START Record extracts

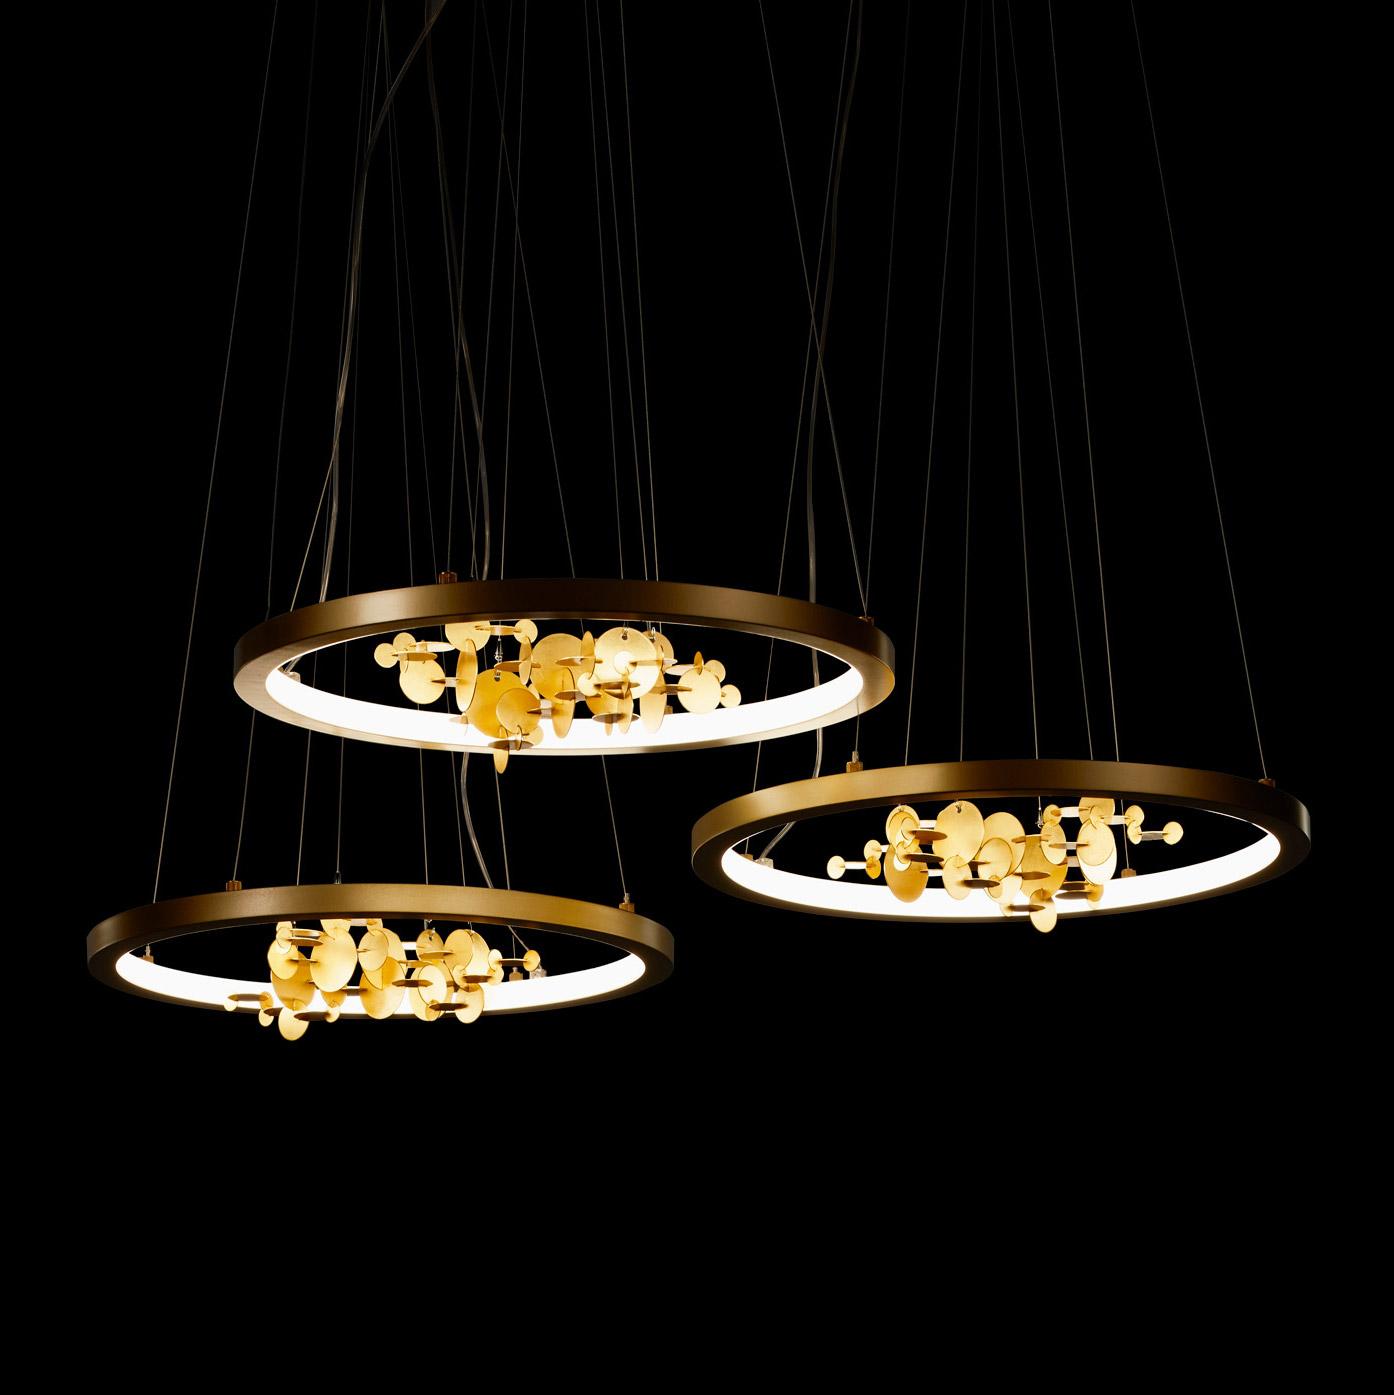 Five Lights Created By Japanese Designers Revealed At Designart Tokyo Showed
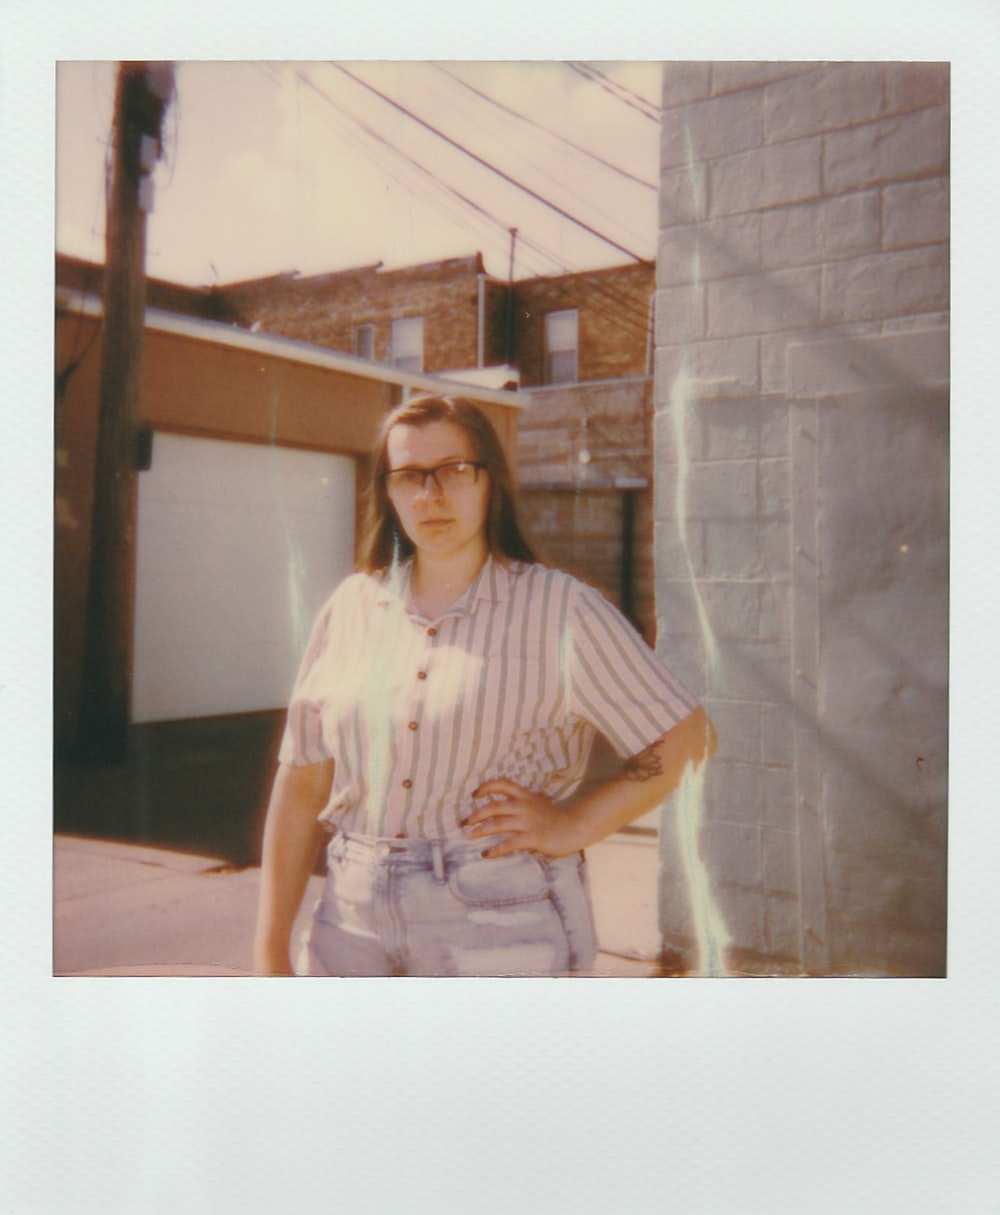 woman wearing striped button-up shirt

END Record extracts
START Record extracts

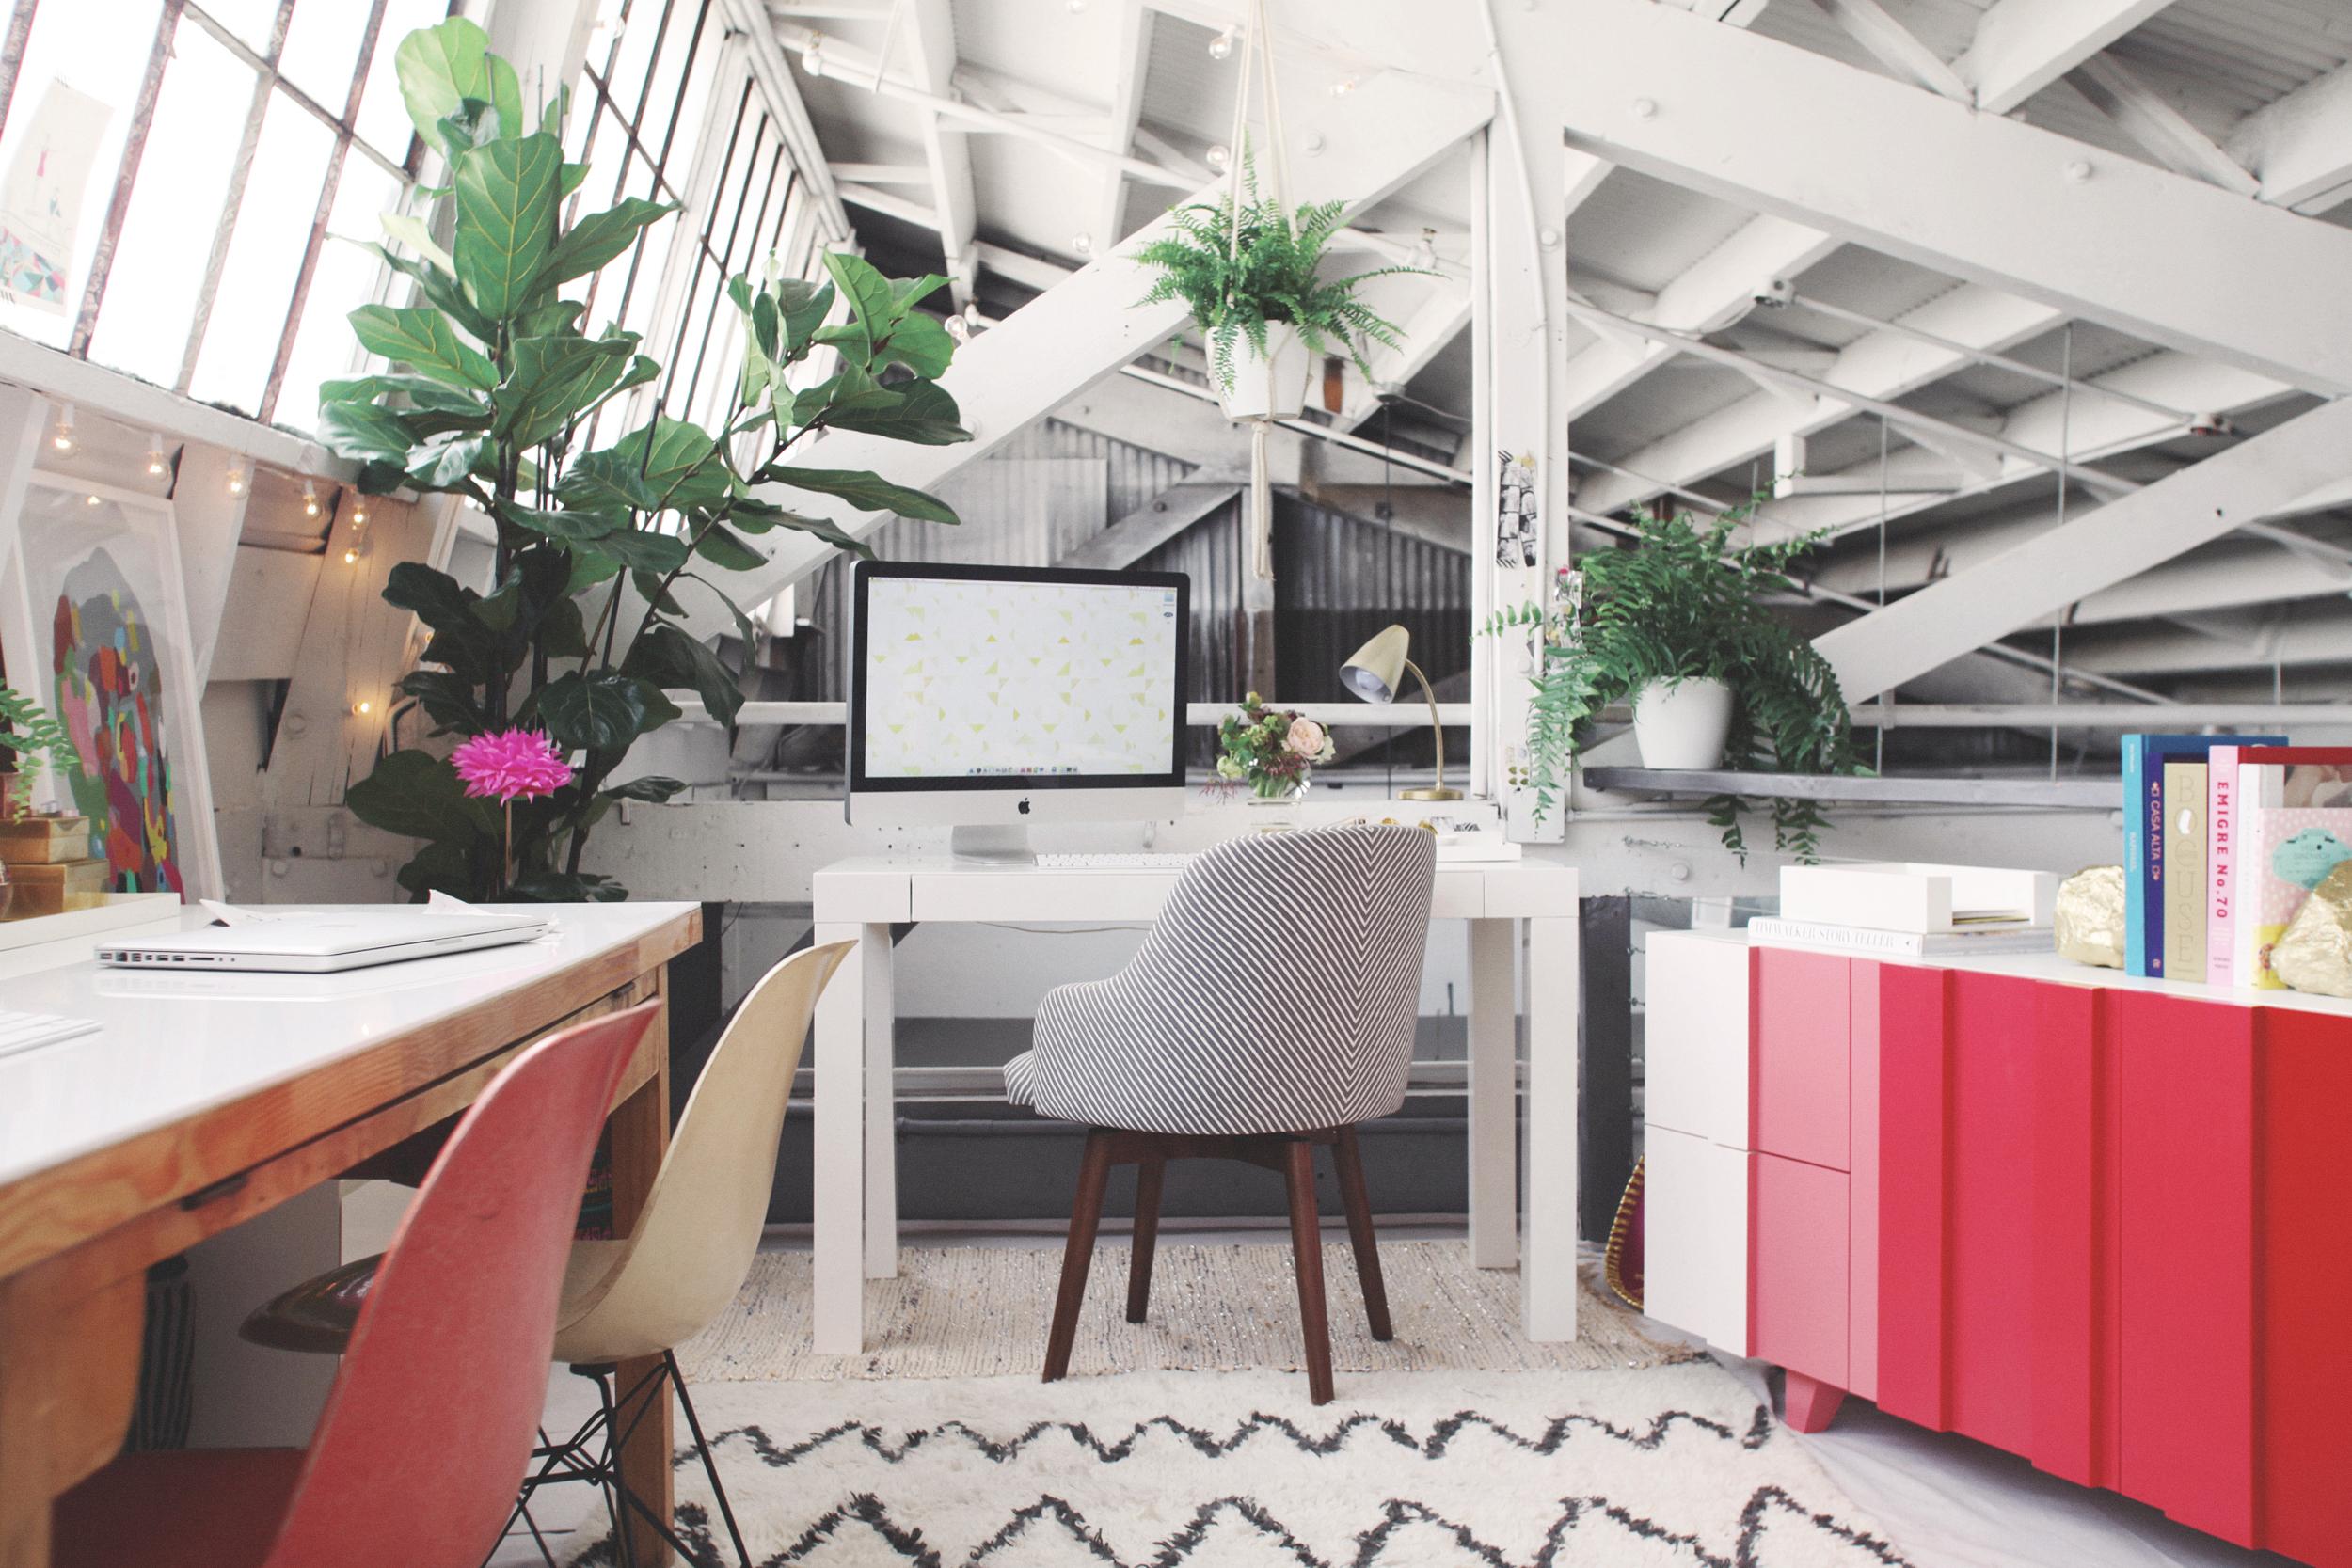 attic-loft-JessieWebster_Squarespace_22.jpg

END Record extracts
START Record extracts

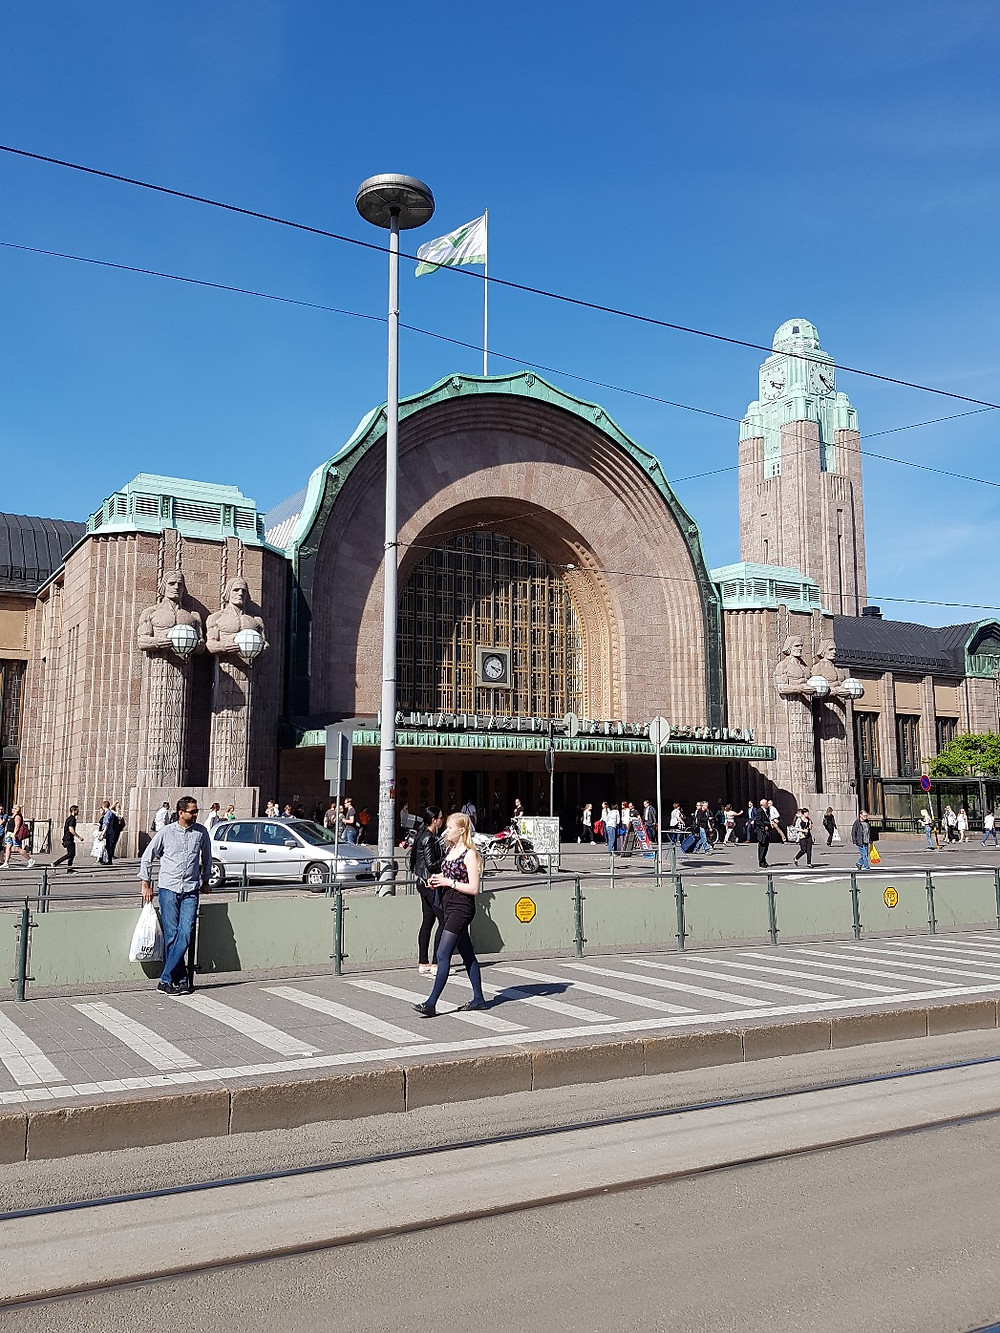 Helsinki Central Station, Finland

END Record extracts

* [Task brief]: Reproduce the listing above only between the lines holding "Five Lights Created" and "woman wearing striped button-up shirt", inclusive. Every line must match exactly, and pictures are dropped.

* [The completed task]:
 Five Lights Created By Japanese Designers Revealed At Designart Tokyo Showed
 woman wearing striped button-up shirt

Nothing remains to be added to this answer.